Barbara Hepworth, Kneeling Figure, 1932. Rosewood. Hepworth Wakefield Collection, purchased with aid from the Art Fund, V&A Purchase Grant Fund and Wakefield Girls’ High School, 1944 © Bowness.

With Odundo’s apotheosis reached, The Journey of Things turns thematic, drawing out the various strands that intersect in the artist’s ceramics. One display takes in Odundo’s encounters with modernist sculpture – a genre that, as with a superb rosewood Kneeling Figure (1932) by Hepworth, repeatedly drew on non-western examples. By refolding these influences into her practice, Odundo arguably brings these influences full circle. There is a segment on the dichotomy of beauty and menace, as embodied by Odundo’s thorniest pieces, while another situates her alongside Giorgio Morandi, Cycladic carvings and the Australian potter Gwyn Hanssen Pigott as an exemplar of formal purity. Perhaps the most startling section, though, focuses on the ability of the static object to embody movement, cajoling examples as diverse as a Bernard Meadow’s Crab (1980) sculpture and Karl Blossfeldt’s botanical photography (1928). Seen in the light of these static yet kinetic works, the sinuous necks and rounded, precipitously balanced bases of Odundo’s ceramics gain a dancerly sprightliness.



Magdalene Odundo: The Journey of Things. Installation view, The Hepworth Wakefield, 16 February – 2 June 2019. Photograph © Nick Singleton.

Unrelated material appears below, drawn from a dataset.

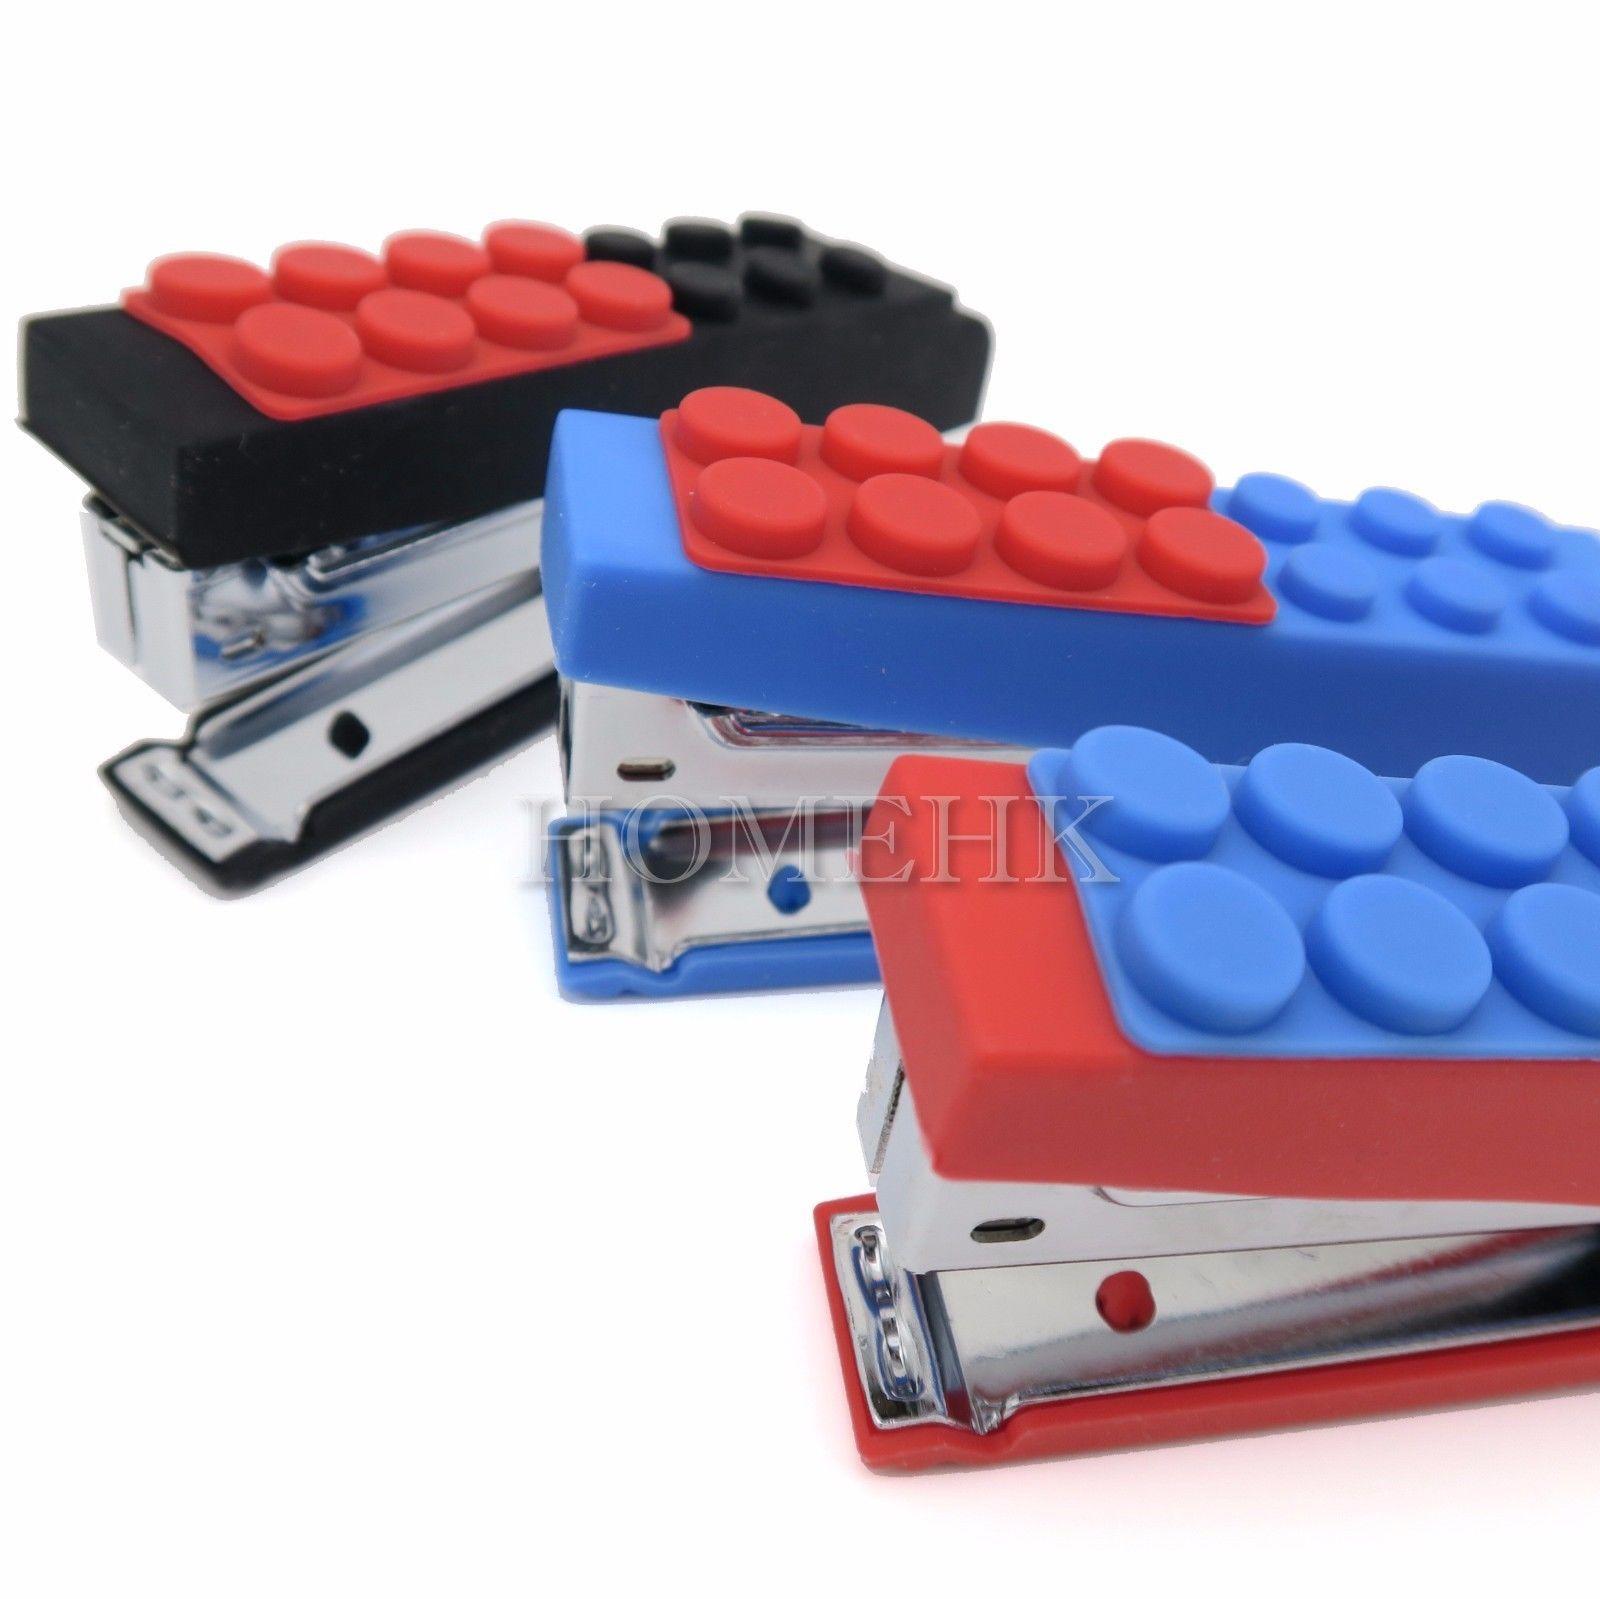 Bricks Lego Stapler Paper Portable office home school stationery staple silicon

By opening out these different layers in Odundo’s works, The Journey of Things enriches their already-potent power. What might have been a motley assemblage of competing voices becomes a polyphonic choir, working harmoniously together to the same end. And Odundo’s clear feeling for the gathered objects pushes the viewer to consider and reconsider their functional and aesthetic value anew. There is nothing here that does not reward prolonged scrutiny. Odundo, Moussavi and the Hepworth’s curators have together created the sort of journey that you don’t want to come to an end.

The Journey of Things will move to the Sainsbury Centre For Visual Arts, East Anglia University, Norwich, from 3 August to 15 December 2019.